Machine Learning and its Challenges

 In machine learning, a large amount of data is used as examples of how a particular task can be achieved or from which patterns can be detected (Mueller, 2016). The system learns how best a task can be completed and desired output can be achieved using the data and patterns available. The amount and sources of data has seen significant increase in recent years (The Royal Society, 2017). The existing approaches face various challenges in handling the increased amount of diverse data and information. One of the common presumptions of ML is that algorithms can learn better with increased data and consequently provide more accurate results (Mueller, 2016). But the increased datasets impose various challenges due to traditional algorithms, not designed to meet the increasing requirements. There are various challenges technical challenges in ML, which include

• Robustness and Verification
• Availability of Data
• Real Time Streaming/Processing of Data

(The Royal Society, 2017; L’Heureux et al., 2017).

In many applications quality of predictions or decisions made by ML systems have to be verifiable. All ML systems are not effective in considering the right data as there are certain limitations to it (The Royal Society, 2017). When the ML systems are used in real world application, they might be exposed to data that are outside range of covered test data and hence results cannot be generalized on deployment of Online machine learning systems (L’Heureux et al., 2017). The learning algorithms are applied to trained model after implementation and it adapts in response to the environment it is interacting with (Mitchell et al., 2013). The behavior and data to which system is exposed keeps changing and can create complex interactions pattern and can create difficulty in ensuring performance of system (The Royal Society, 2017). Many ML approaches depend on availability of data, which highlights that before learning the entire dataset is assumed to be present (L’Heureux et al., 2017). But in situations where continuous streaming of new data exists, it is challenging for the system to learn from the dataset (Mueller, 2016).  This requires retraining of the ML system regularly to reflect the output based on current data. This requires the new system to support incremental learning in order to adopt learning based on new data, which also can be challenging as the type of data might vary (Samek, Wiegand, & Muller, 2017). Most of ML systems are not designed to handle constant data streams providing different type of data, which poses challenge as the machine has to process the fast-arriving real-time data (Mueller, 2016). This can be challenging for ML developers as the algorithms has also to deal with fraud detection and surveillance in order to ensure the real time data is processed without any violation (L’Heureux et al., 2017). This increases complexity of the algorithms and the limited availability of online leaning tools for ML make it quite challenging to consider real time data and process it with increased accuracy.

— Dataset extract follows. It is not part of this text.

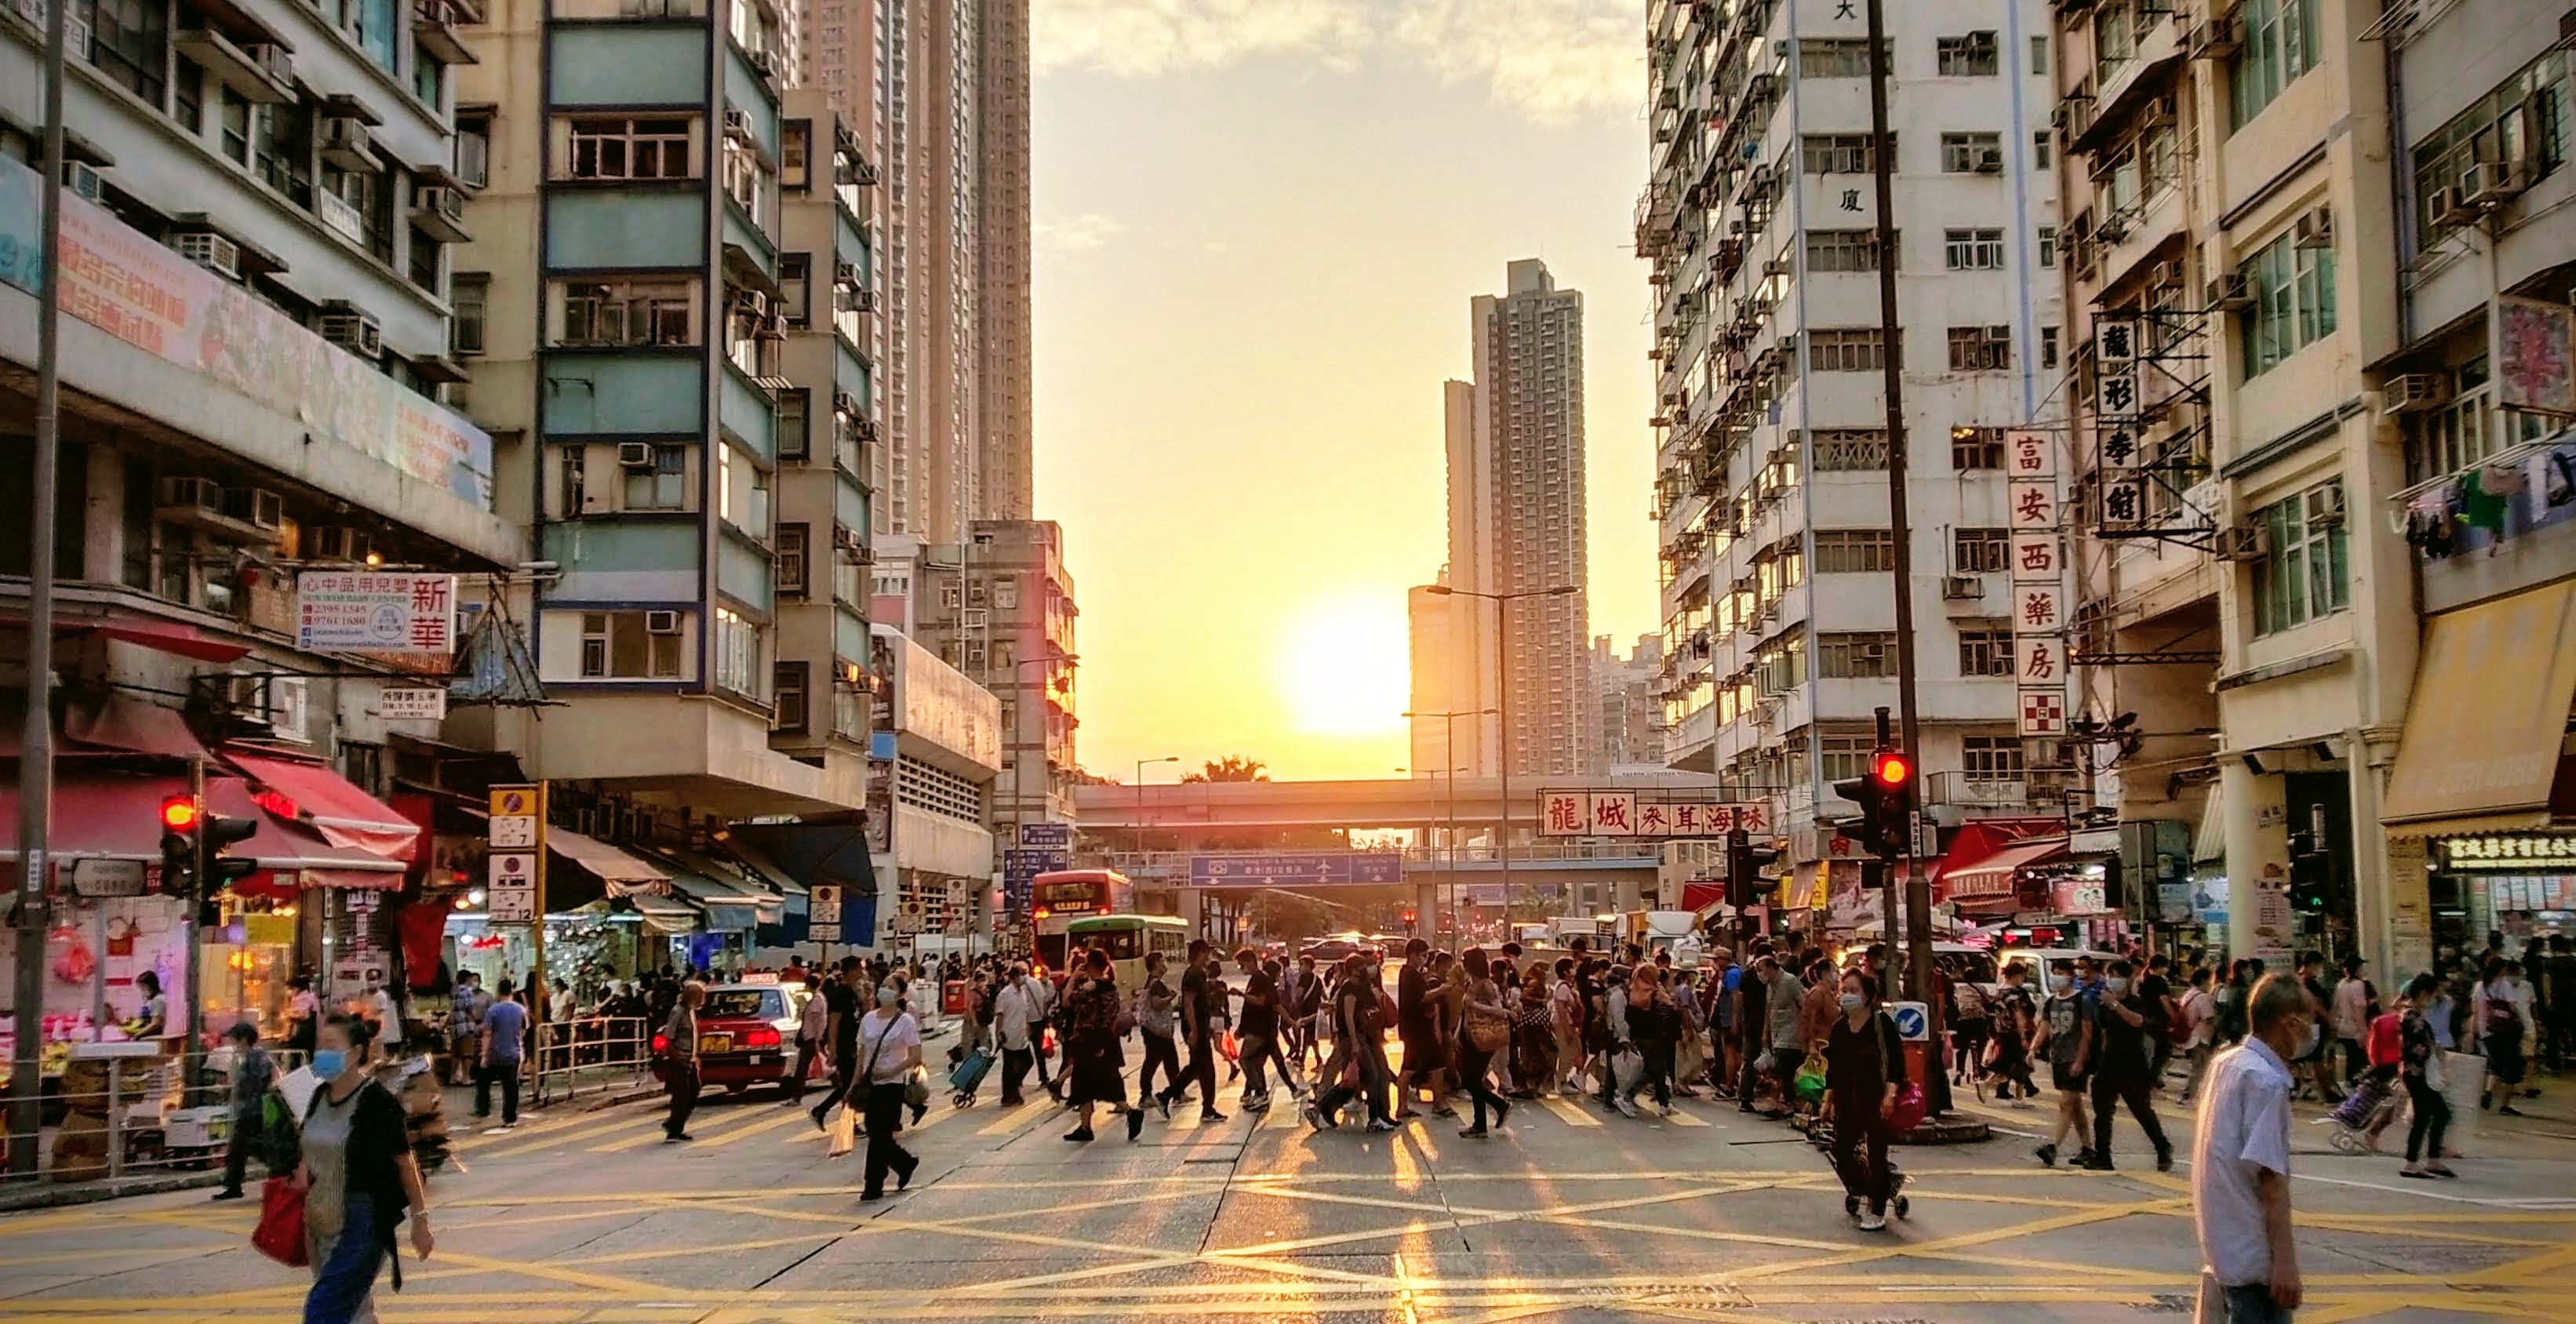 Share Frank's post about enjoying sunset in the fall in Hong Kong

Explainable Artificial Intelligence (AI)

ML and AI make decisions based on the information available to them without complete verification and deep understanding of the decision making rationale (Mueller, 2016). Explainable AI refers to the techniques in AI that can be trusted and understood by humans unlike the concept of black box in machine learning where the designs also cannot explain about how a specific decision has been arrived at. Explainable AI is essential as explaining rationale behind a decision to other people or in an area is important aspect of human intelligence (Samek et al., 2017). Explainable AI contributes significantly in overcoming the challenges of ML through verification of system, improvement of system, legislation compliance and system learning (Yao, Zhou & Jia, 2018). Explainable AI recognizes the need to verify the data used by the machines to learn and make decisions based on reliable data. The AI models which are designed with explanation concept make inferences from data and recognize if a particular result is true as inputs when fed to the system or they are incorrect (Mueller, 2016). Explainable AI can identify new typologies or scenarios to be adapted by the institutions for making decisions using the AI system (Samek et al., 2017). The hidden insights can help improve model performance and reduce risk of making decisions only on limited data. The systems will have capacity to explain how they discovered the new insights and thus, add value and provide verifiable information (Mitchell et al., 2013). Explainability of AI system decisions allows organizations to understand the entire process more effectively and build trust with AI implementations by considering and integrating the different relevant regulations in order to help businesses, workforce and customers to use AI systems more efficiently (Samek et al., 2017). These features of the Explainable AI can help address the ML issues of robustness and verification, real-time processing and availability of data as it involves verifying the models that collects and integrates different type of data and determines how the decision has been arrived at using different data types.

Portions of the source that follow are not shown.